**Exercise instructions**
Copy nothing but the lines below running from the line containing "John Lennon junto" through the line containing "Balkenbett Tries in Zirbenholz", both end lines included.

**Material supplied**
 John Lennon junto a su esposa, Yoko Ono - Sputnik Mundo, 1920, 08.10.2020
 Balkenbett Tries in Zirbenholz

* * *

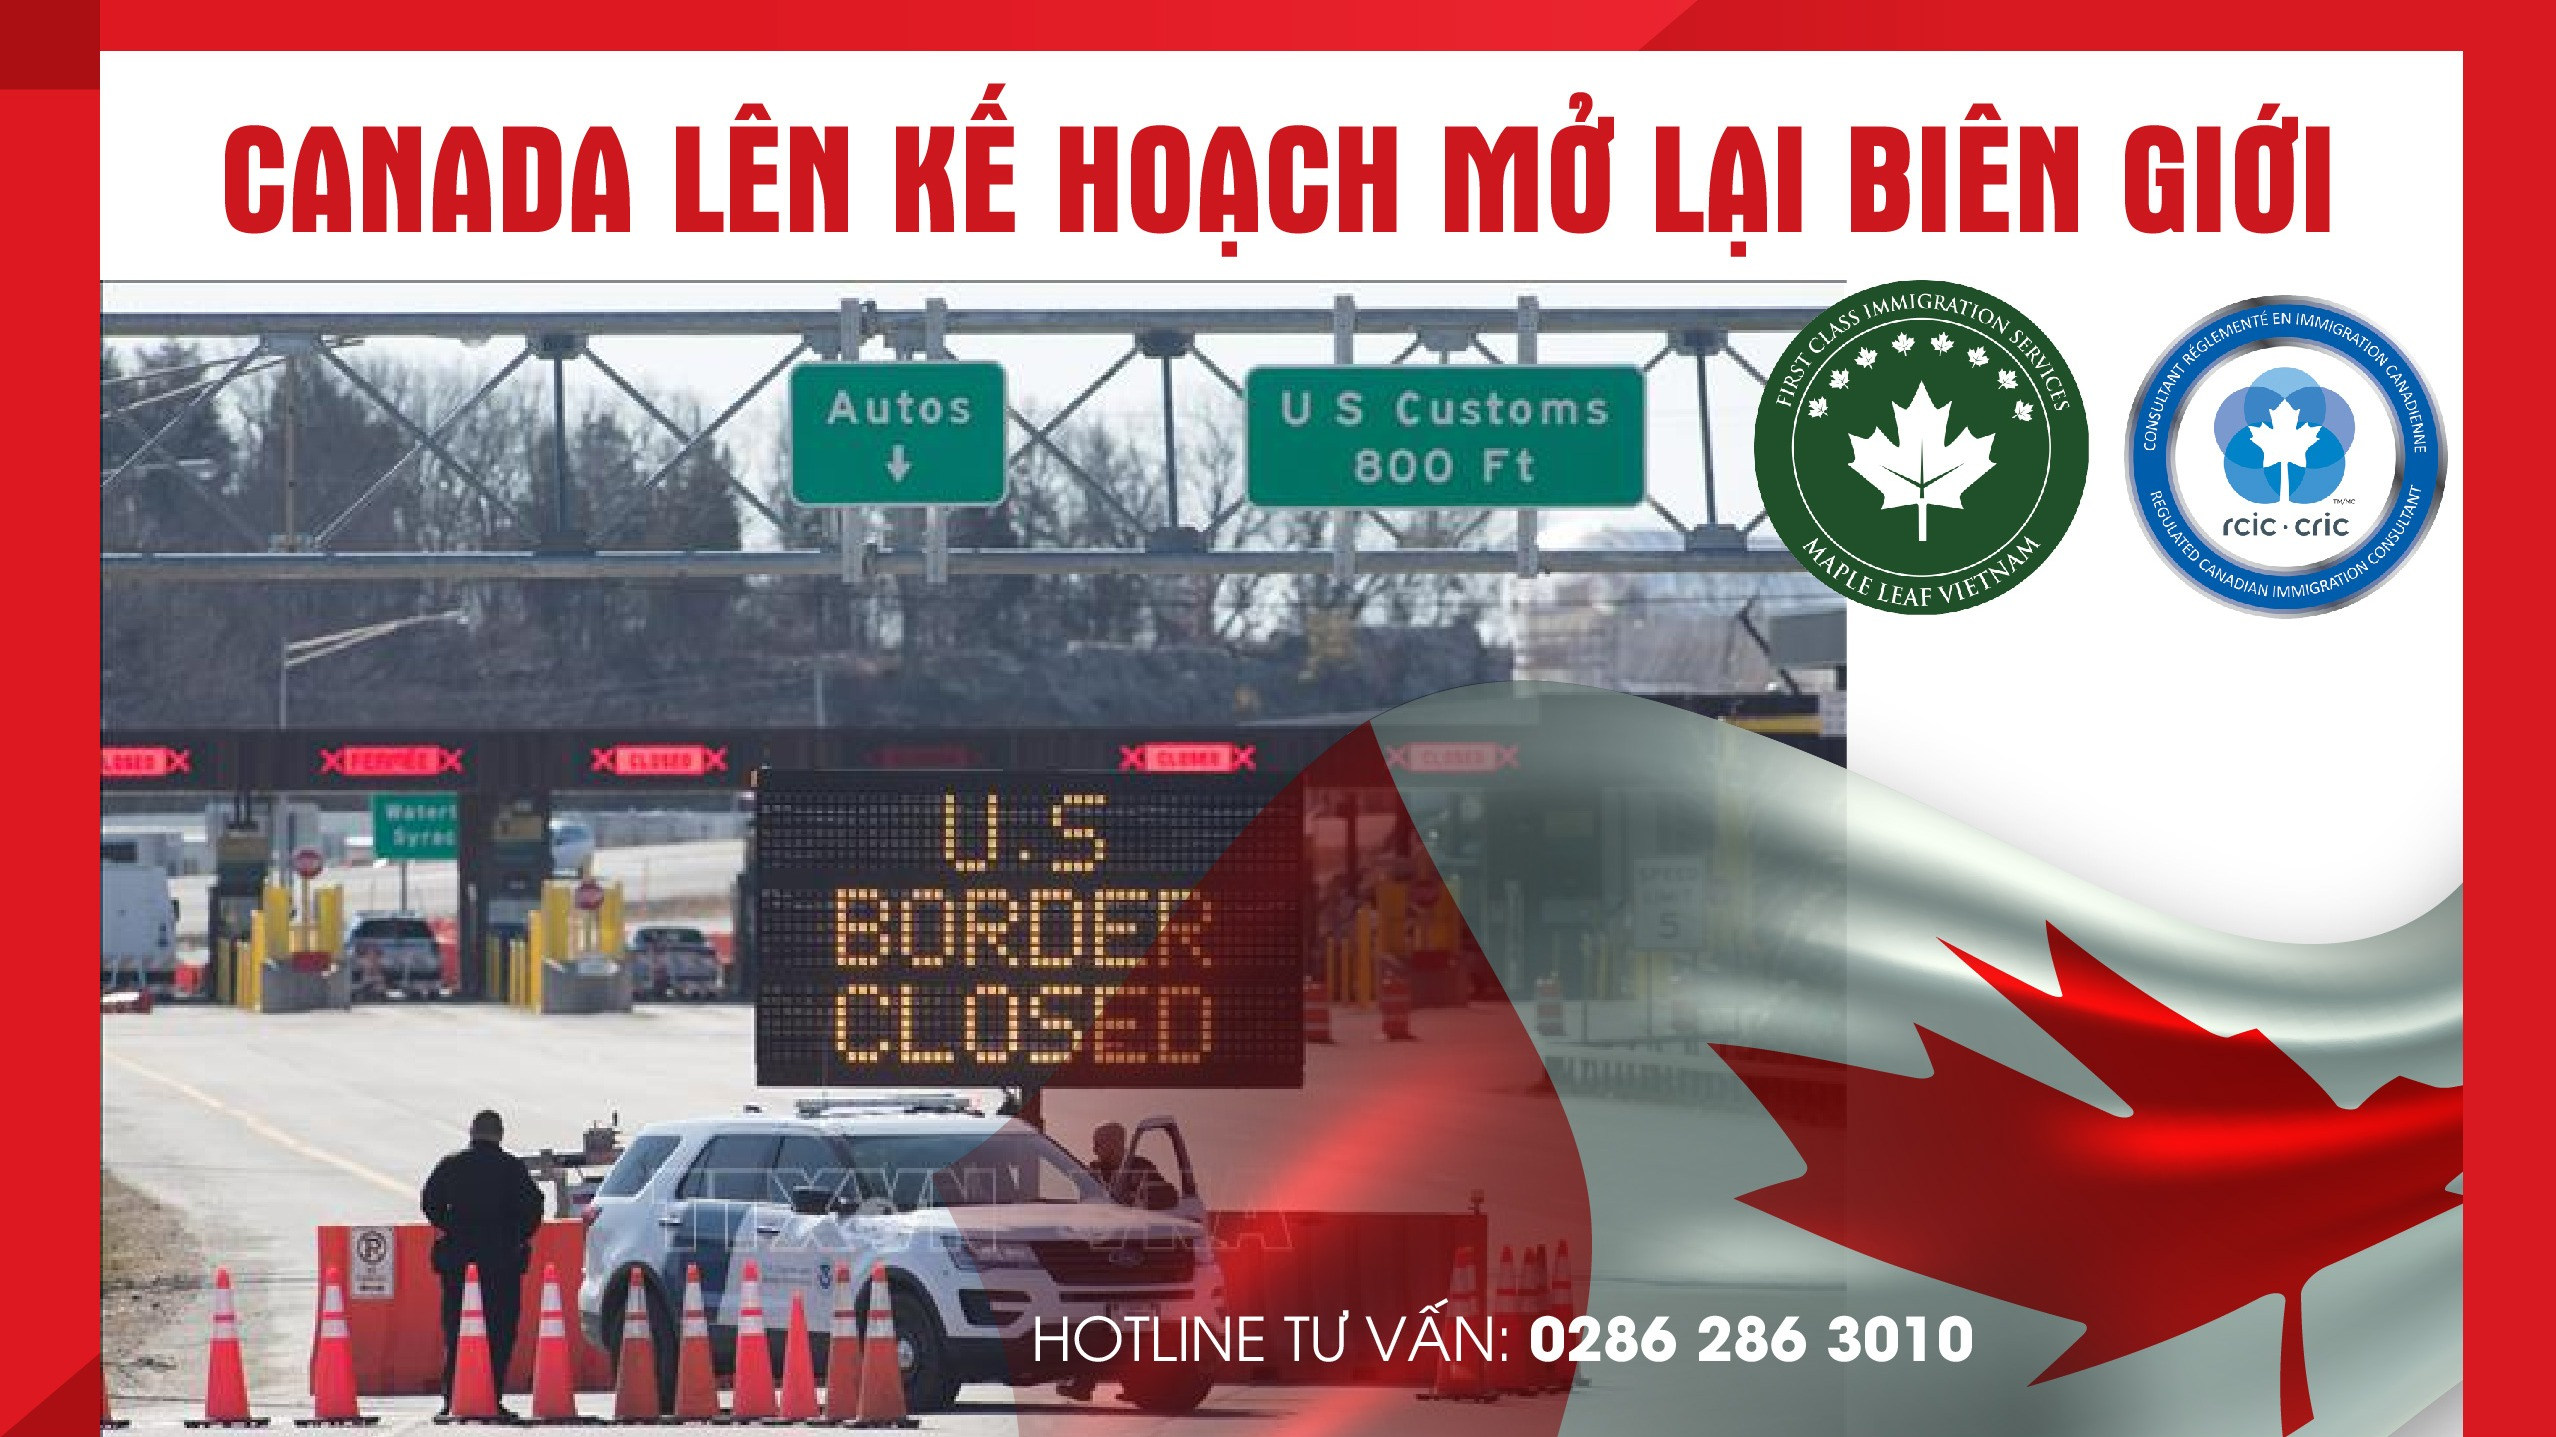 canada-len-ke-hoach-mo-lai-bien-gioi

--

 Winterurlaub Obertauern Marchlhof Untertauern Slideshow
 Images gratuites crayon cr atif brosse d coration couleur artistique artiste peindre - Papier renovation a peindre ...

**Answer box**
 John Lennon junto a su esposa, Yoko Ono - Sputnik Mundo, 1920, 08.10.2020
 Balkenbett Tries in Zirbenholz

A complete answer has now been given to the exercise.